* _WORK TO BE COMPLETED_
A partial copy is required: transcribe exactly the lines from the one containing "Ideagroup at the" through the last line below, without any pictures.

*** Opening of STUDY MATERIAL ***

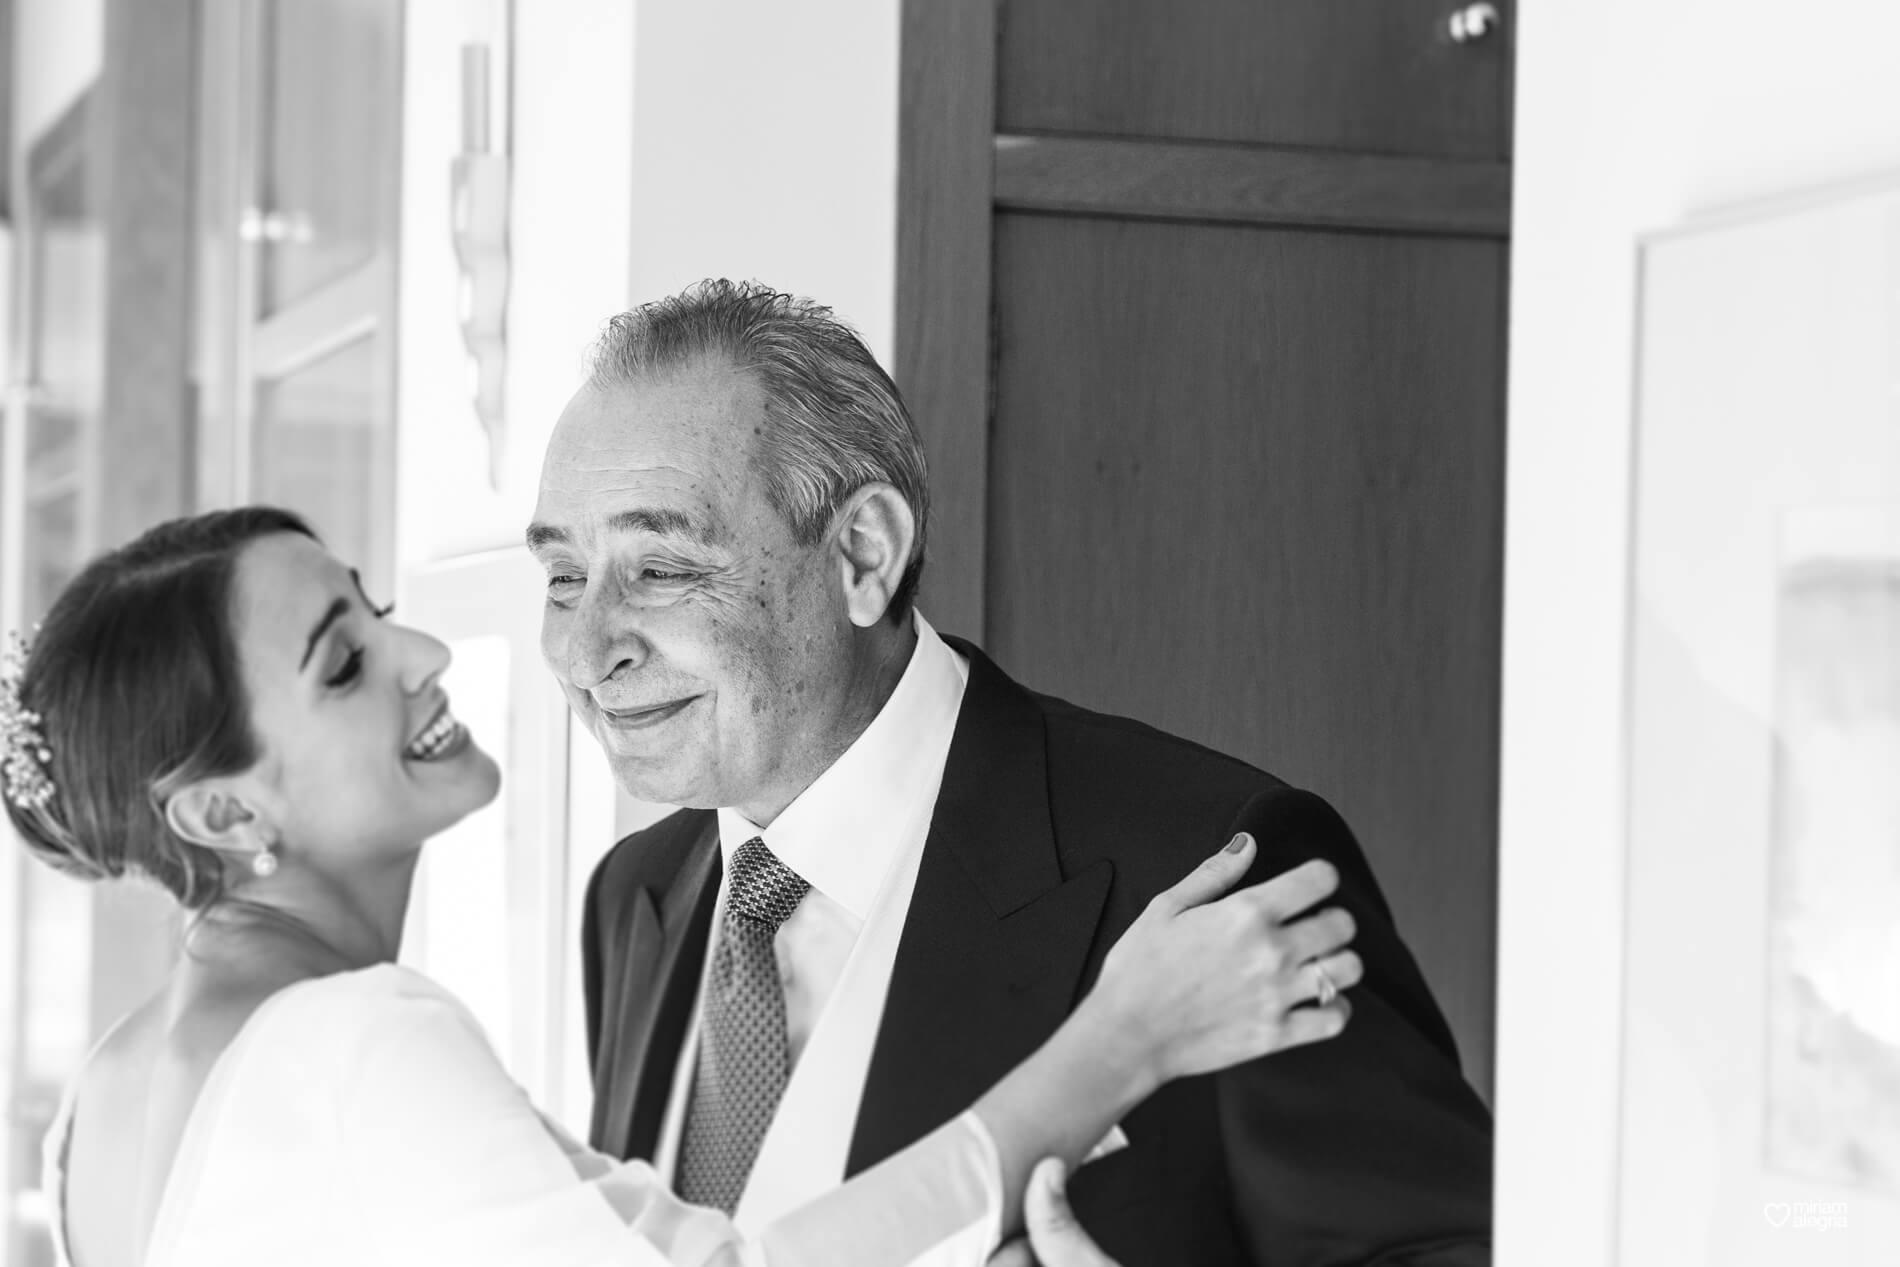 vestido-de-novia-paula-del-vas-miriam-alegria-fotografos-boda-murcia-27
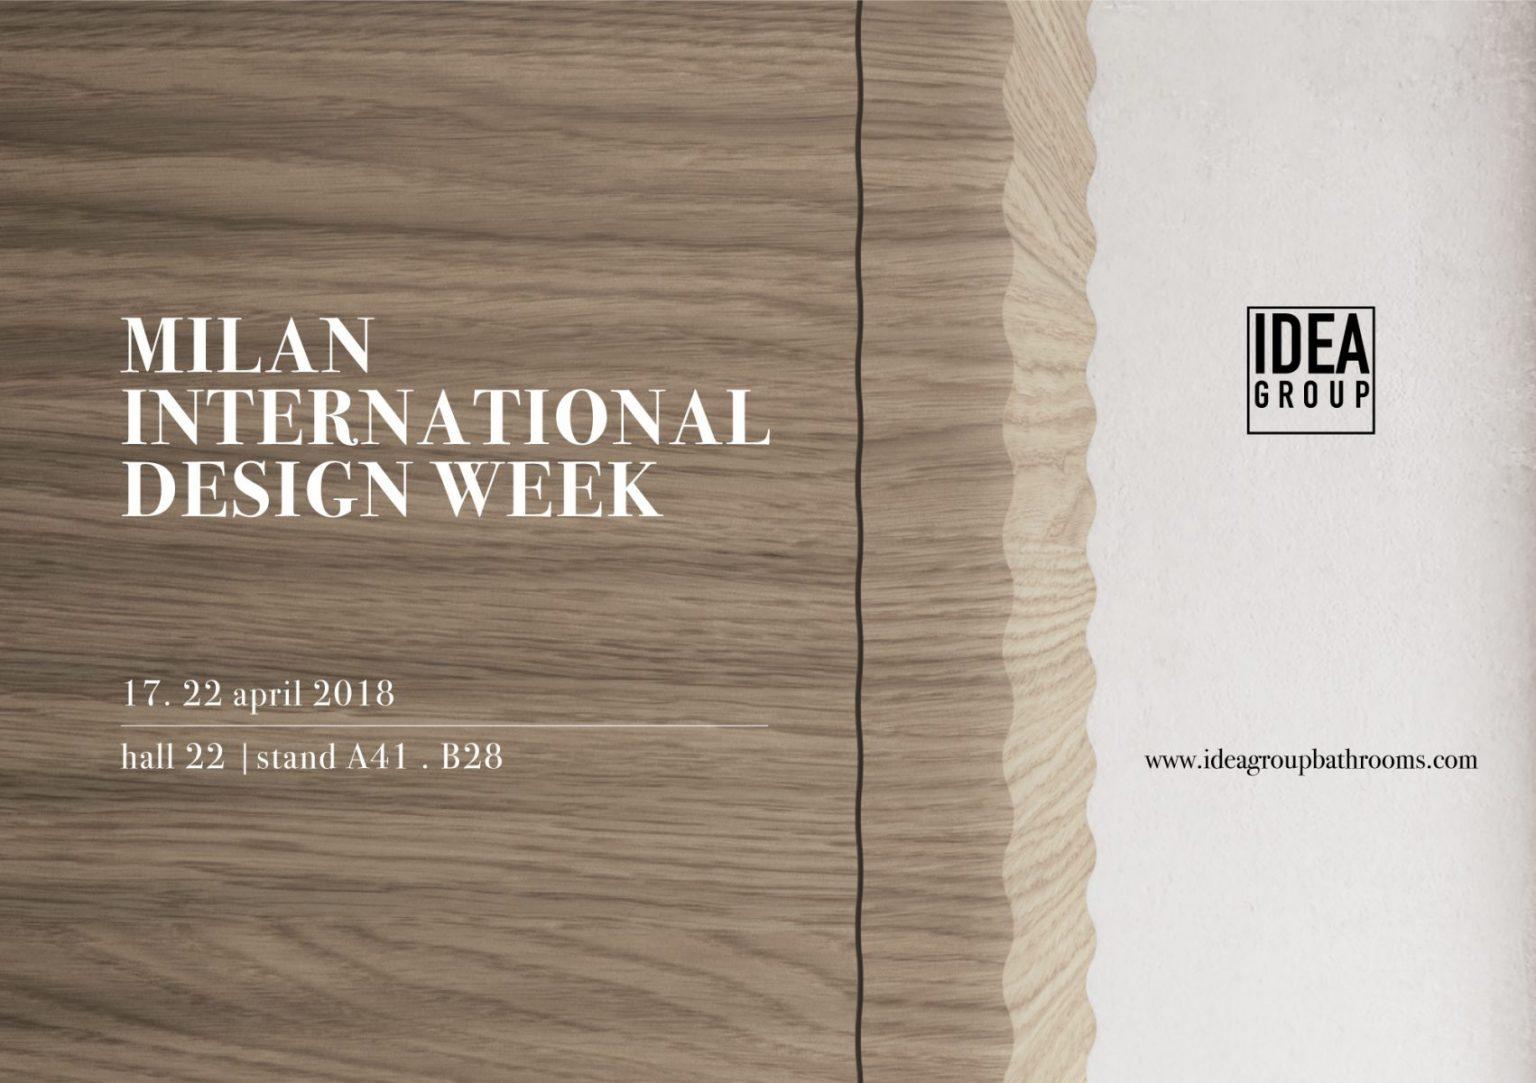 Ideagroup at the Milan 2018 International Bathroom Exhibition
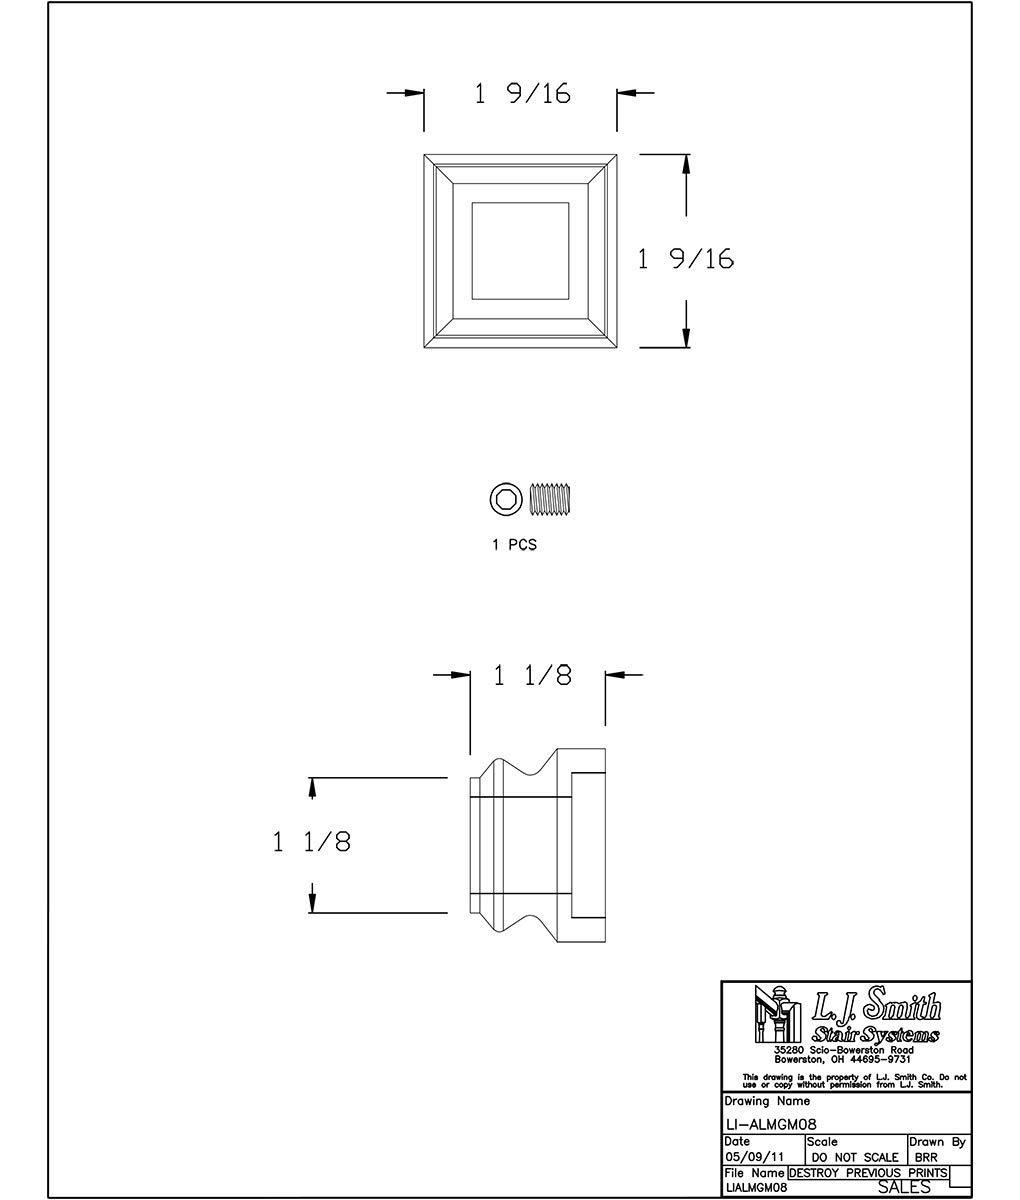 LI-ALMGM08-MB: Aluminum Level Shoe for 3/4'' Hollow Square Aluminum Balusters (Matte Black)
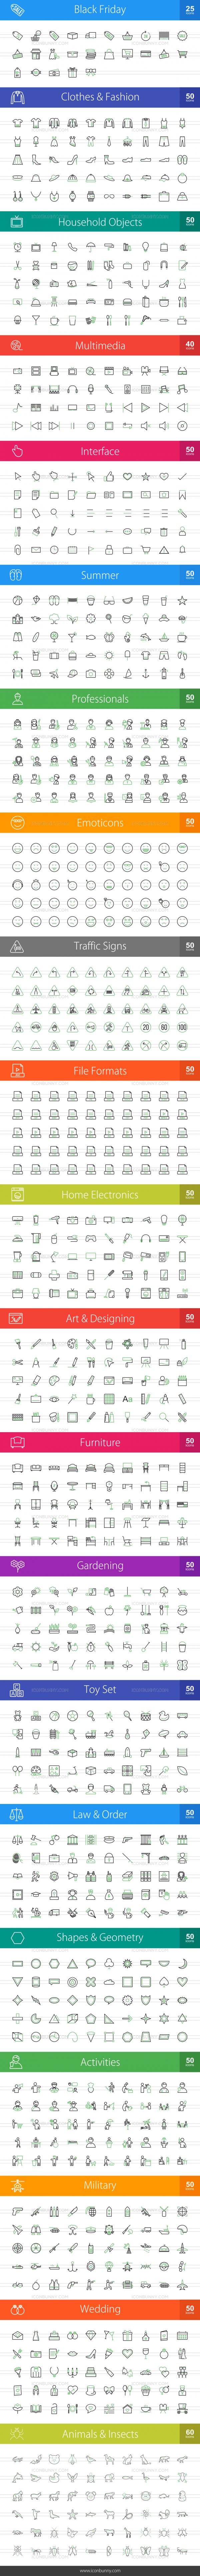 1025 Line Green & Black Icons Bundle - Preview - IconBunny
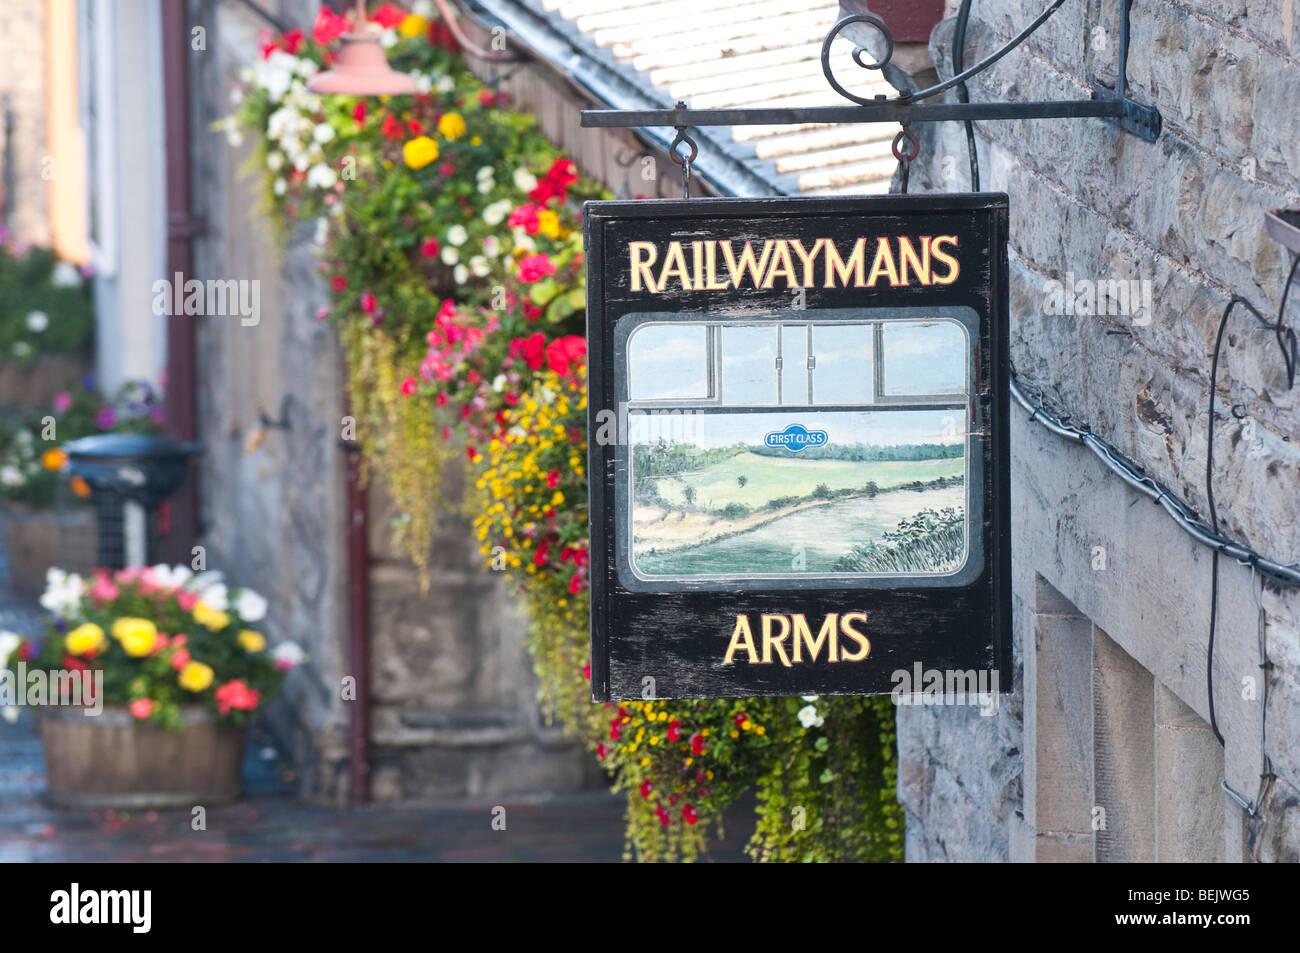 Railwaymans Arms pub sign at Severn Valley Railway station Bridgnorth Shropshire - Stock Image

*** Close of STUDY MATERIAL ***

* _ANSWER TO THIS TASK_
 Ideagroup at the Milan 2018 International Bathroom Exhibition
 LI-ALMGM08-MB: Aluminum Level Shoe for 3/4'' Hollow Square Aluminum Balusters (Matte Black)
 1025 Line Green & Black Icons Bundle - Preview - IconBunny
 Railwaymans Arms pub sign at Severn Valley Railway station Bridgnorth Shropshire - Stock Image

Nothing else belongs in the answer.